There is a differential attack on 16 rounds of Khufu which can recover the secret key. It requires 2^{43} chosen plaintexts and has a 2^{43} time complexity (Gilbert and Chauvaud, 1994). 2^{32} plaintexts and complexity are required merely to distinguish the cipher from random. A boomerang attack (Wagner, 1999) can be used in an adaptive chosen plaintext / chosen ciphertext scenario with 2^{18} queries and a similar time complexity. Khufu is also susceptible to an impossible differential attack, which can break up to 18 rounds of the cipher (Biham et al., 1999).

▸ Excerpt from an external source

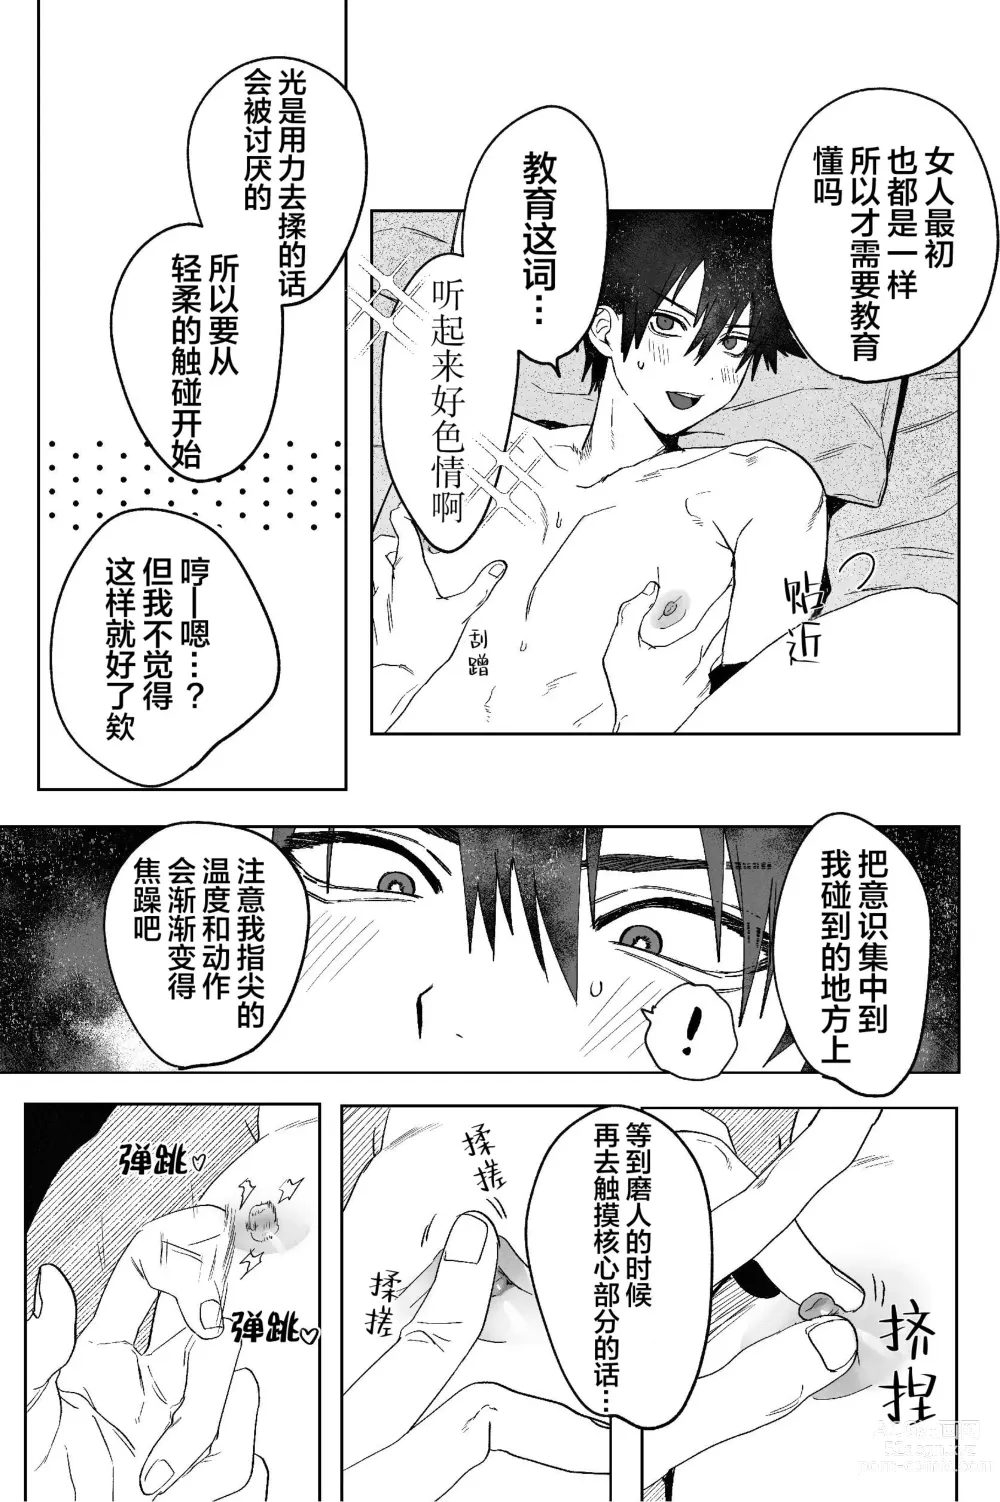 Page 6 of doujinshi Fujun Osu Ana Kouyuu

Schneier and Kelsey (1996) categorise Khafre and Khufu as "even incomplete heterogeneous target-heavy Unbalanced Feistel Networks".

==Khafre==

Khafre is similar to Khufu, but uses a standard set of S-boxes, and does not compute them from the key. (Rather, they are generated from the RAND tables, used as a source of "nothing up my sleeve numbers".) An advantage is that Khafre can encrypt a small amount of data very rapidly — it has good key agility. However, Khafre probably requires a greater number of rounds to achieve a similar level of security as Khufu, making it slower at bulk encryption. Khafre uses a key whose size is a multiple of 64 bits. Because the S-boxes are not key-dependent, Khafre XORs subkeys every eight rounds.

Differential cryptanalysis is effective against Khafre: 16 rounds can be broken using either 1500 chosen plaintexts or 2^{38} known plaintexts. Similarly, 24 rounds can be attacked using 2^{53} chosen plaintexts or 2^{59} known plaintexts.